June 20, 2018 | 3:30pm - 5pm
Reception to follow
Light refreshments provided
NCRC Research Auditorium
2800 Plymouth Road
Ann Arbor, 48109
The Challenge of Medical Artifical Intelligence
Medicine presents a particular problem for creating artificial intelligence (AI), because the issues and tasks involved are surprisingly subjective. Valid and useful AI requires not only reliable, unbiased, and extensive data, but also objective definitions and intentions. Assistance is most needed in day-to-day complex decision-making that requires data synthesis and integration, tasks we now approach with clinical intuition. This process is generally accepted as representing the ‘art’ of medicine despite being riddled with cognitive biases and often based on large information gaps. Resolving the subjectivity of medicine with the objectivity required for digitization—and the secondary creation of AI—first involves resolution of a number of questions: What do we want to do? What do we need to do? What can we do?
About Leo Celi:
Leo Anthony Celi has practiced medicine in three continents, giving him broad perspectives in healthcare delivery. As clinical research director and principal research scientist at the MIT Laboratory for Computational Physiology (LCP), and as an attending physician at the Beth Israel Deaconess Medical Center (BIDMC), he brings together clinicians and data scientists to support research using data routinely collected in the process of care. His group built and maintains the public-access Medical Information Mart for Intensive Care (MIMIC) database, which holds clinical data from over 60,000 stays in BIDMC intensive care units (ICU). It is an unparalleled research resource; over 5000 investigators from more than 70 countries have free access to the clinical data under a data use agreement. In 2016, LCP partnered with Philips eICU Research Institute to host the eICU database with more than 2 million ICU patients admitted across the United States.

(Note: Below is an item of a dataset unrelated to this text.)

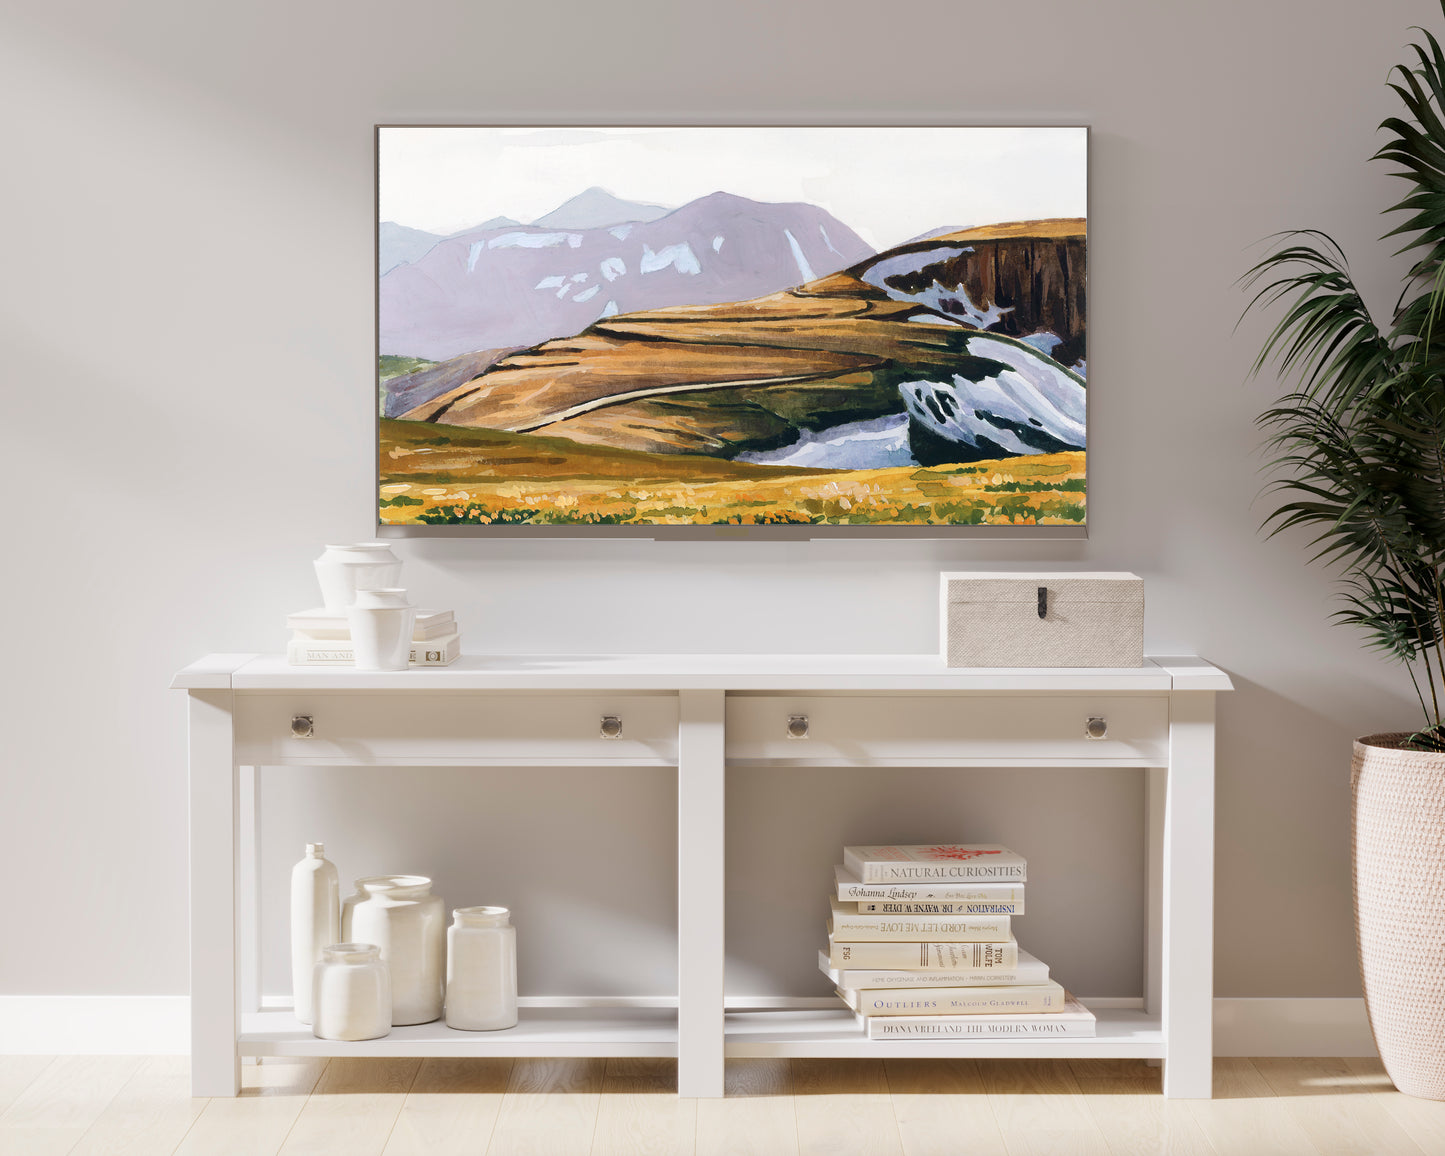 Rocky Mountain National Park - digital download for Samsung TV Frame

Leo also founded and co-directs Sana, a cross-disciplinary organization based at the Institute for Medical Engineering and Science at MIT, whose objective is to leverage information technology to improve health outcomes in low- and middle-income countries. He is one of the course directors for HST.936 – global health informatics to improve quality of care, and HST.953 – collaborative data science in medicine, both at MIT. He is an editor of the textbook for each course, both released under an open access license. The textbook “Secondary Analysis of Electronic Health Records” came out in October 2016 and was downloaded more the 100,000 times in the first year of publication. The massive open online course HST.936x “Global Health Informatics to Improve Quality of Care” was launched under edX in February 2017. Finally, Leo has spoken in 25 countries about the value of data in improving health outcomes.